Create an rdplot() figure for the outcomes in Table 4: Any fatal incident (fatal_acled2_diff), PNP fatal (fatal_pnp2_diff), Vigilante fatal (fatal_vigilante2_diff).
- Explain the purpose of this kind of figure (Note: you’ll be replicating Table 4 itself in the next step).
- Note: It should be somewhat similar to Figure 6 in the article. However, it will show points representing the binned means of the running variable (rdplot() does this automatically), and doesn’t need to include a confidence interval. It might look something like this (feel free to separate it into 3 separate figures):

Example figure

Replicate Table 4.
- Explain the table’s purpose and the results.
- Note: For their diff-in-diff regressions, they use only data from “tight” races
- Note: You do not need to include the row “LP post-Duterte mean”.
- Note: Add the following to the top of your R code. It is code I wrote so that modelsummary() can extract the coefficients, SEs, p-values, and bandwidth from a rdrobust object. This will also allow you to pull out the “Optimal banwidth” and “Clusters” from the models into the table.

# Add custom functions to extract coefs, SEs, p-values, and the bandwidth
# from a rdrobust model object
# This returns results specifically from the bias-corrected estimator
# with robust standard errors
tidy.rdrobust <- function(x, ...) {
    ret <- data.frame(
      term      = "RDD estimate",
      estimate  = x$coef["Robust", 1],
      std.error = x$se["Robust", 1],
      conf.low  = x$ci["Robust", 1],
      conf.high = x$ci["Robust", 2],
      p.value = x$pv["Robust", 1])
    return(ret)
}

# Change "_b"/"b" to "_h"/"h " to switch from "Robust" or "Conventional"
glance.rdrobust <- function(x, ...) {
    ret <- data.frame(
      nobs   = sum(x$N_b), 
      Optimal.bandwidth = as.character(round(x$bws["b", 1], 2)))
    names(ret) <- c("nobs", "Optimal bandwidth")
    return(ret)
}

# Add a "Clusters" attribute, which returns the number of clusters
# based on the variable that the clustered SEs are calculated from
glance_custom.fixest <- function(x, ...) {
  data.frame(`Clusters` = attr(x$cov.scaled, "G"))
}

Replicate Table 5.
- Explain its purpose and the results.
- Note: You do not need to include the row “LP post-Duterte mean”.
- Note: For their diff-in-diff regressions, they use only data from “tight” races
- Note: You should be able to simply copy and paste your code for Table 4 that you did in step “2.”, and change the variable names and labels/title in the table.
Replicate Table A22 (as discussed on p. 1052, and is found in the Appendix).
- Explain the Table’s purpose and the results.
- Note: You might want to look at the authors’ code in Ravanilla-Sexton-Haim-Deadly-Populism-JOP.do to see the variables and subset of the data that the authors use here.
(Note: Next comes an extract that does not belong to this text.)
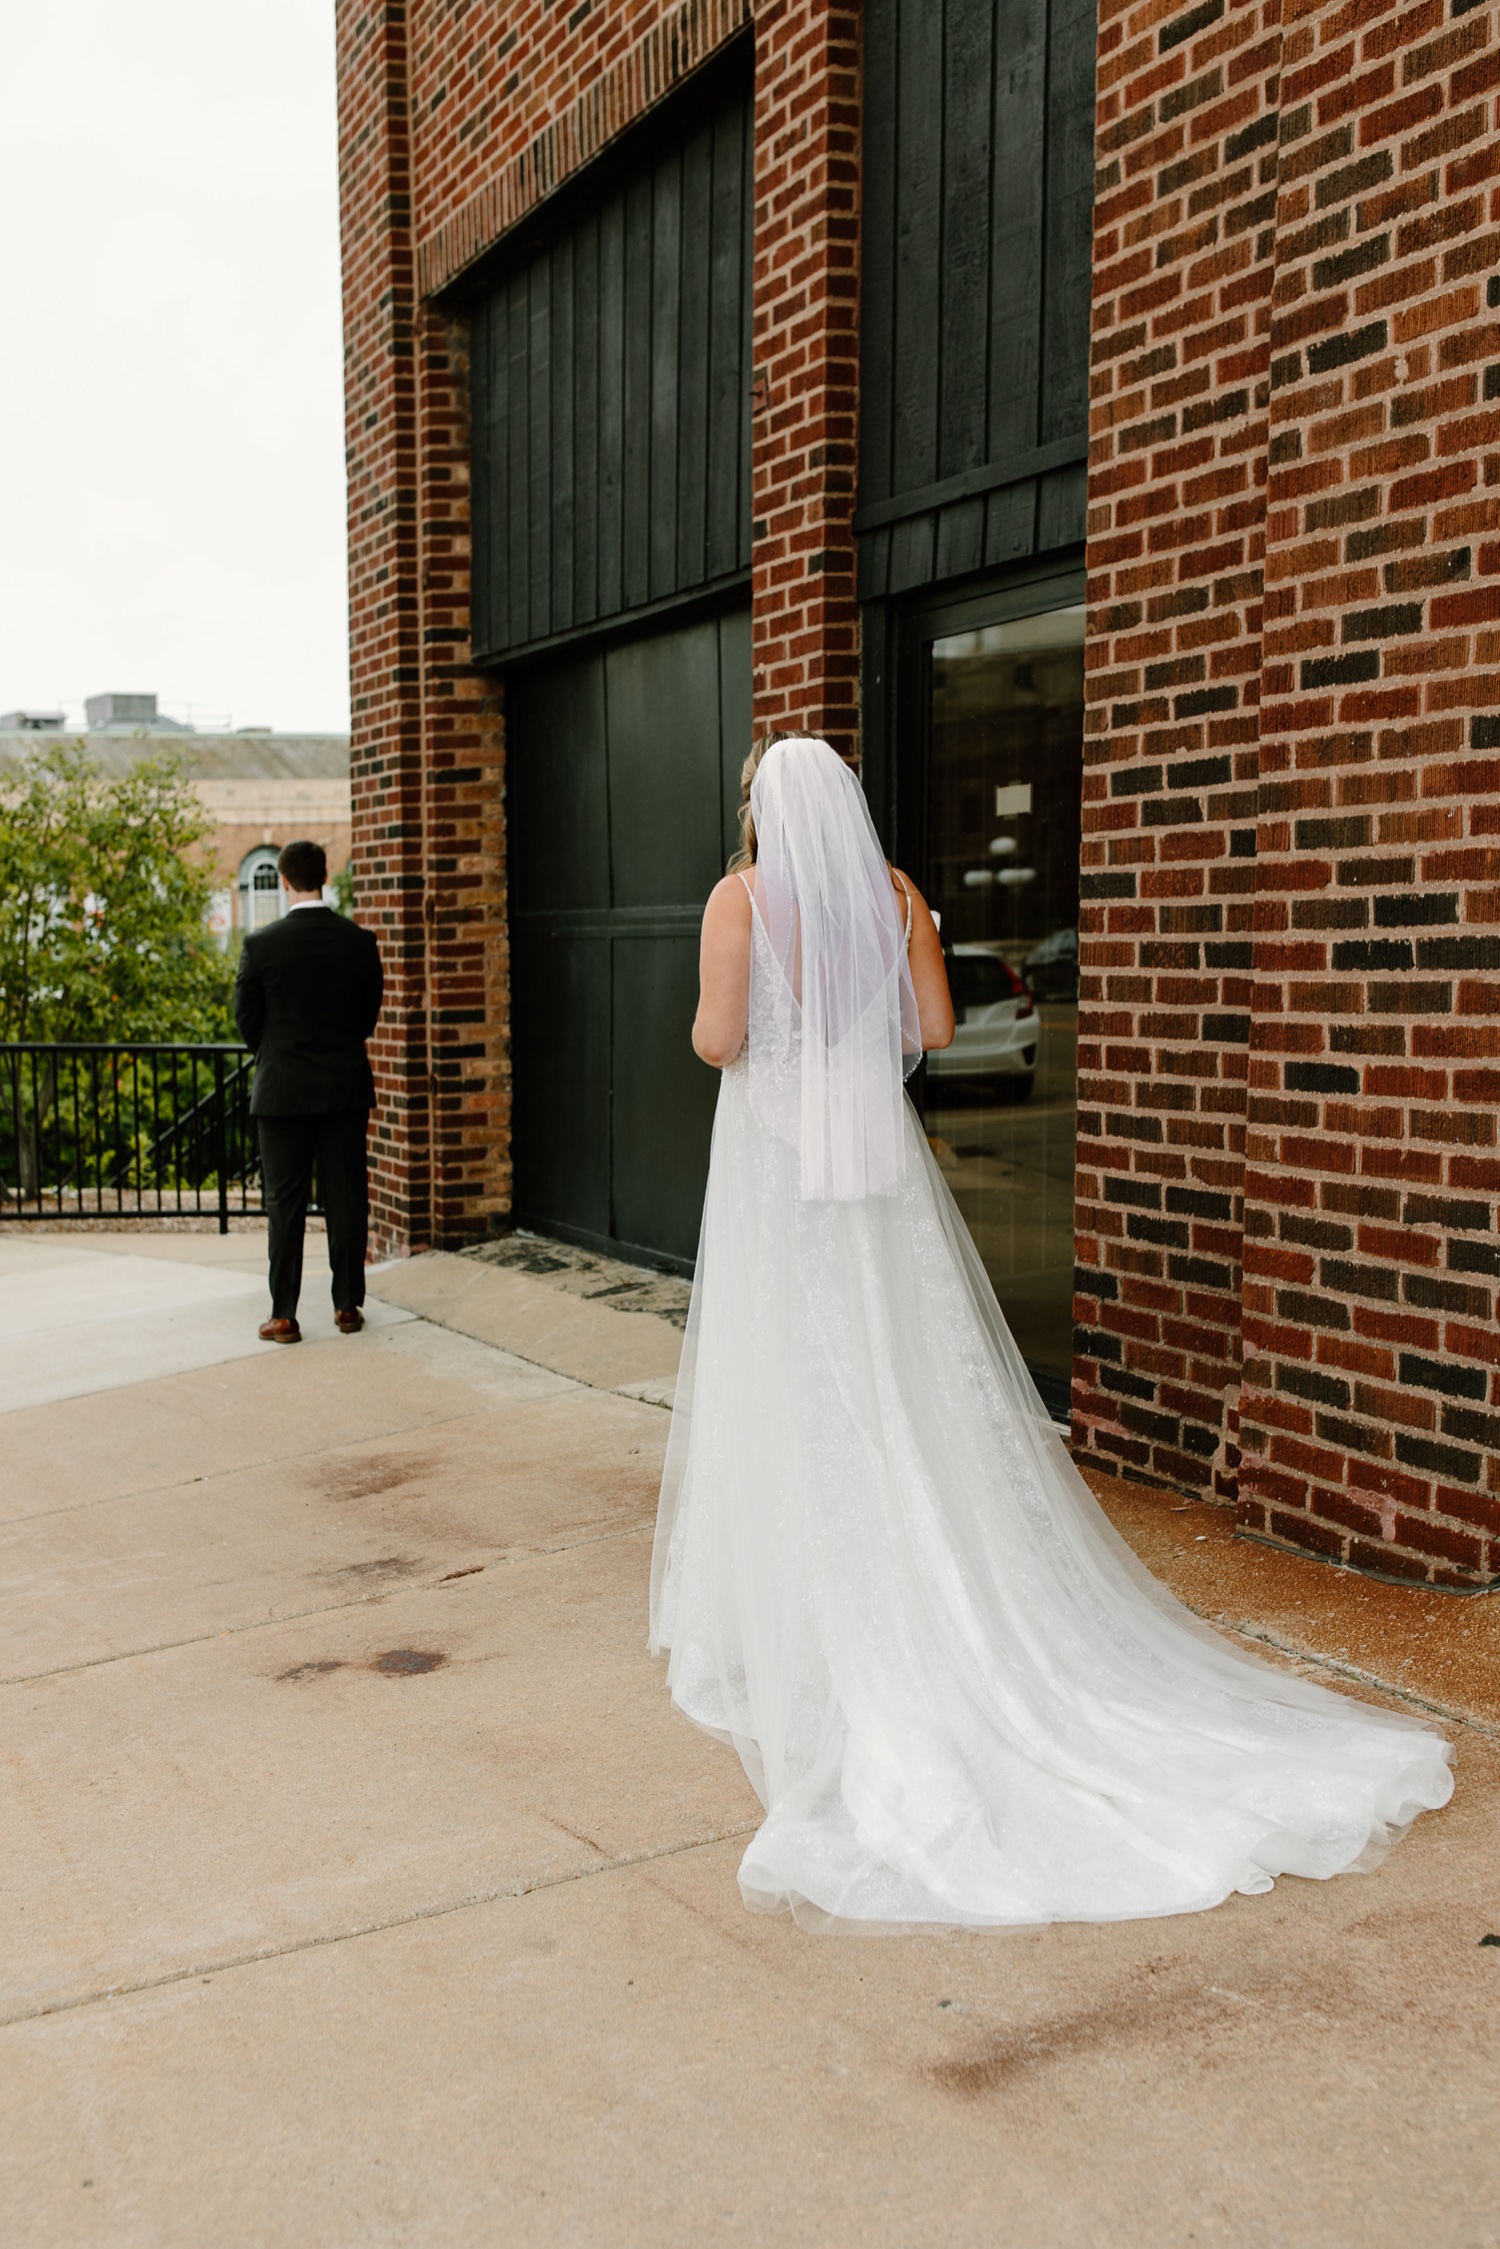 Society 57 Wedding | Chicago wedding photographer

They are purposefully using pre-Duterte data for a reason (also only data from tight races).

Discussion

Explain the overall findings of the article. One paragraph should suffice.
Discuss the benefits and drawbacks of the research design as it is applied in the article.

Submission instructions

Formatting requirements!
- 12-point font
- 1 inch margins
- Double-spaced
- No Table of Contents
- 18,000 characters maximum
Your code should be commented so that it is clear to me that you know what each piece of code does. You don’t need to be excessive, but comment your code in a way that you think is reasonable.
If you are in a group, only one of you needs to submit the assignment. Just ensure that all of your student IDs are on the title page.
Submit your assignment and R code separately. Please send your assignment as a PDF and use an equivalent file name across the files:
- Assignment_2C.pdf
- Assignment_2C.R
Submit through Absalon under “Assignment 2C”.